Correct turblent fluxes to improve energy balance closure using an Energy Balance Ratio method modified from FLUXNET.

Currently three correction options are available: ‘ebr’ (Energy Balance Ratio), ‘br’ (Bowen Ratio), and ‘lin_regress’ (least squares linear regression). If you use one method followed by another corrected,the corrected versions of LE, H, ET, ebr, etc. will be overwritten with the most recently used approach.

This method also computes potential clear sky radiation (saved as “rso”) using an ASCE approach based on station elevation and latitude. ET is calculated from raw and corrected LE using daily air temperature to correct the latent heat of vaporization, if air temp. is not available in the input data then air temp. is assumed at 20 degrees celcius.

Corrected or otherwise newly calculated variables are named using the following suffixes to distinguish them:

uncorrected LE, H, etc. from input data have no suffix
_corr uses adjusted LE, H, etc. from the correction method used
_user_corr uses corrected LE, H, etc. found in data file (if provided)

Parameters:

y (str) – name of dependent variable for regression, must be in QaQc.variables keys, or a user-added variable. Only used if meth='lin_regress'.
x (str or list) – name or list of independent variables for regression, names must be in QaQc.variables keys, or a user-added variable. Only used if meth='lin_regress'.

Keyword Arguments:

meth (str) – default ‘ebr’. Method to correct energy balance.
et_gap_fill (bool) – default True. If true fill any remaining gaps in corrected ET with ETr * ETrF, where ETr is alfalfa reference ET from gridMET and ETrF is the filtered, smoothed (7 day moving avg. min 2 days) and linearly interpolated crop coefficient. The number of days in each month that corrected ET are filled will is provided in QaQc.monthly_df as the column “ET_gap”.
refET (str) – default “ETr”. Which gridMET reference product to use for ET gap filling, “ETr” or “ETo” are valid options.
fit_intercept (bool) – default False. Fit intercept for regression or set to zero if False. Only used if meth='lin_regress'.
apply_coefs (bool) – default False. If True then apply fitted coefficients to their respective variables for linear regression correction method, rename the variables with the suffix “_corr”.

Returns:

None

Example

Starting from a correctly formatted config.ini and climate time series file, this example shows how to read in the data and apply the energy balance ratio correction without gap-filling with gridMET ETr x ETrF.

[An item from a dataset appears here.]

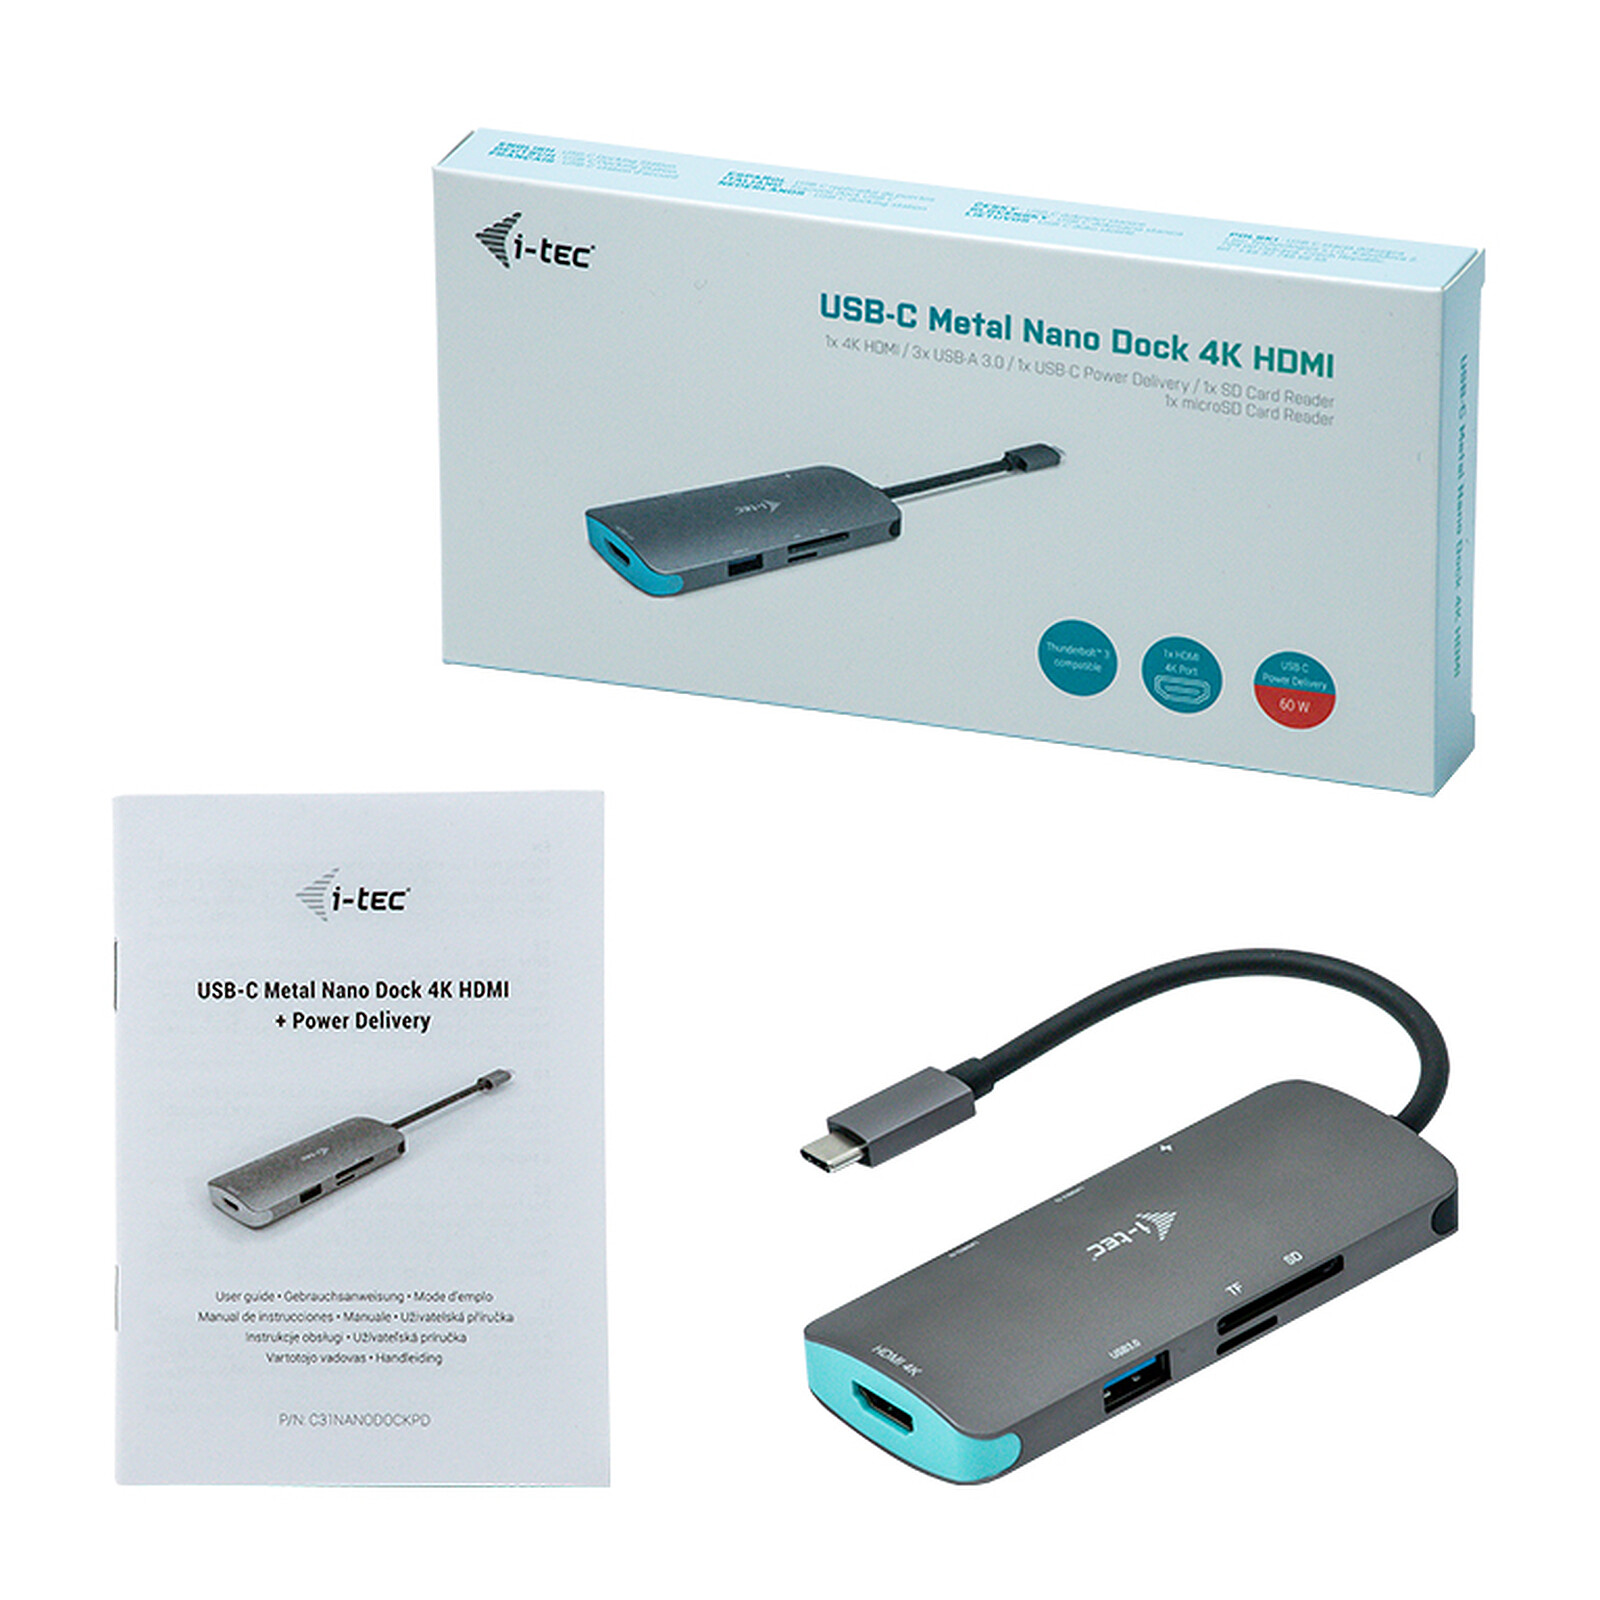 i-tec USB-C Metal Nano Dock 4K HDMI Power Delivery 60W - USB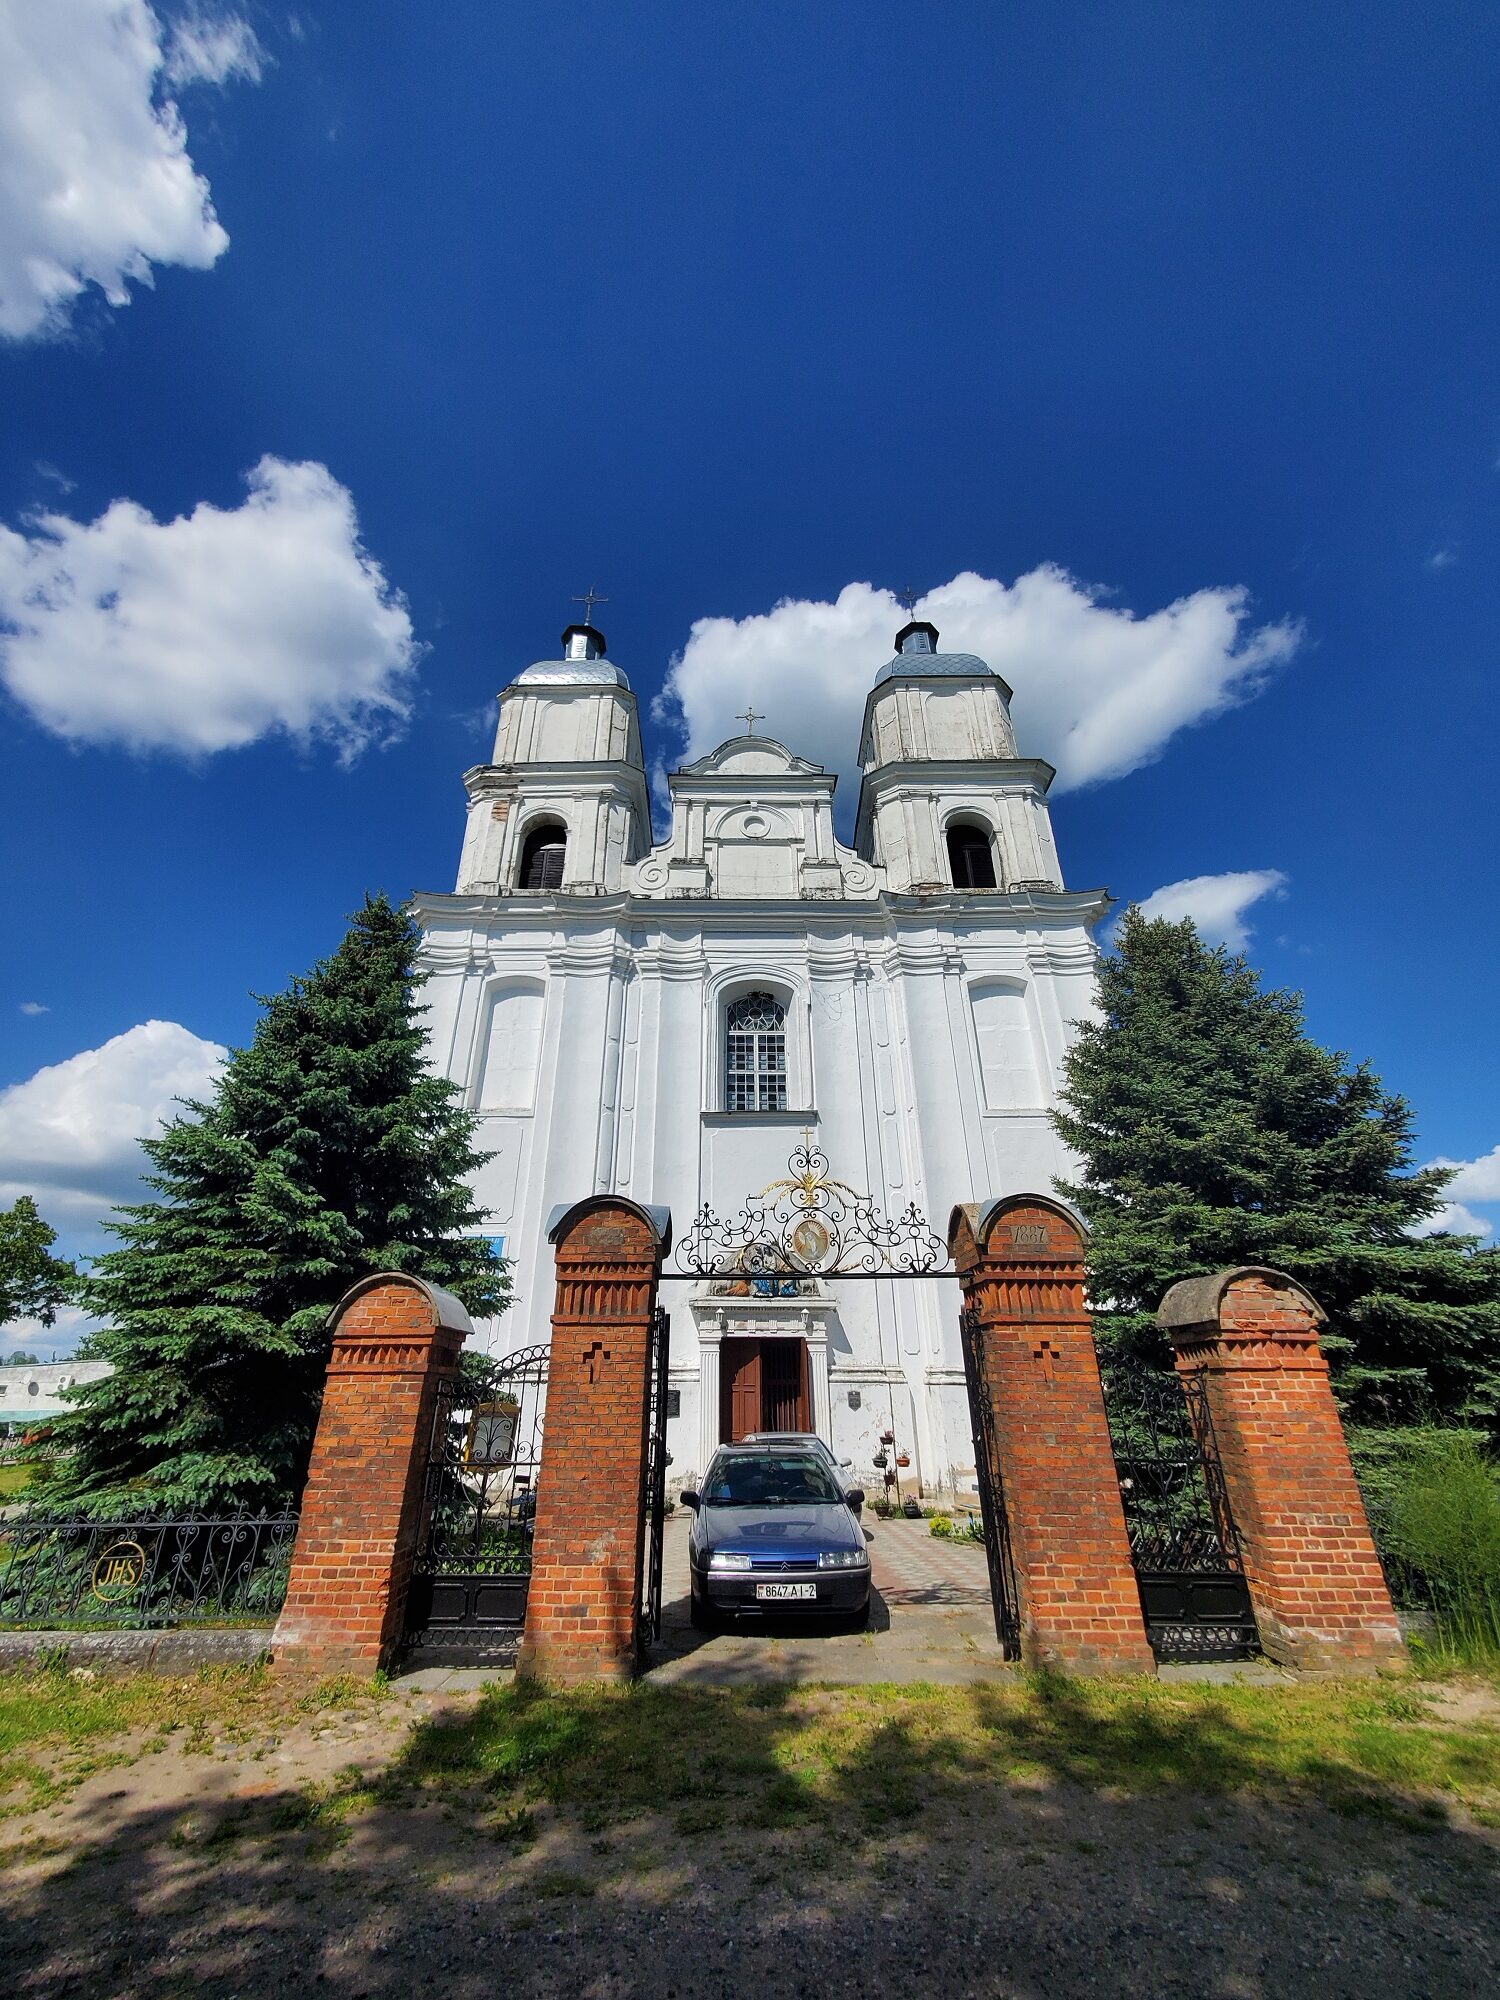 20200606 150823 1 rotated - Костел Святой Троицы в деревне Дуниловичи

>>> from fluxdataqaqc import Data, QaQc
>>> d = Data('path/to/config.ini')
>>> q = QaQc(d)
>>> q.corrected
    False

Now apply the energy balance closure correction

>>> q.correct_data(meth='ebr', et_gap_fill=False)
>>> q.corrected
    True

Note

If et_gap_fill is set to True (default) the gap filled days of corrected ET will be used to recalculate LE_corr for those days with the gap filled values, i.e. LE_corr will also be gap-filled.

Note

The ebr_corr variable or energy balance closure ratio is calculated from the corrected versions of LE and H independent of the method. When using the ‘ebr’ method the energy balance correction factor (what is applied to the raw H and LE) is left as calculated (inverse of ebr) and saved as ebc_cf.

See also

For explanation of the linear regression method see the QaQc.lin_regress method, calling that method with the keyword argument apply_coefs=True and \(Rn\) as the y variable and the other energy balance components as the x variables will give the same result as the default inputs to this function when meth='lin_regress.

daily_ASCE_refET(reference='short', anemometer_height=None)[source]

Calculate daily ASCE standardized short (ETo) or tall (ETr) reference ET from input data and wind measurement height.

The resulting time series will automatically be merged into the Data.df dataframe named “ASCE_ETo” or “ASCE_ETr” respectively.

Keyword Arguments:

reference (str) – default “short”, calculate tall or short ASCE reference ET.
anemometer_height (float or None) – wind measurement height in meters , default None. If None then look for the “anemometer_height” entry in the METADATA section of the config.ini, if not there then print a warning and use 2 meters.

Returns:

None

Note

If the hourly ASCE variables were prior calculated from a Data instance they will be overwritten as they are saved with the same names.

property df: See fluxdataqaqc.Data.df as the only difference is that the QaQc.df is first resampled to daily frequency.

download_gridMET(variables=None)[source]

Download reference ET (alfalfa and grass) and precipitation from gridMET for all days in flux station time series by default.

Also has ability to download other specific gridMET variables by passing a list of gridMET variable names. Possible variables and their long form can be found in QaQc.gridMET_meta.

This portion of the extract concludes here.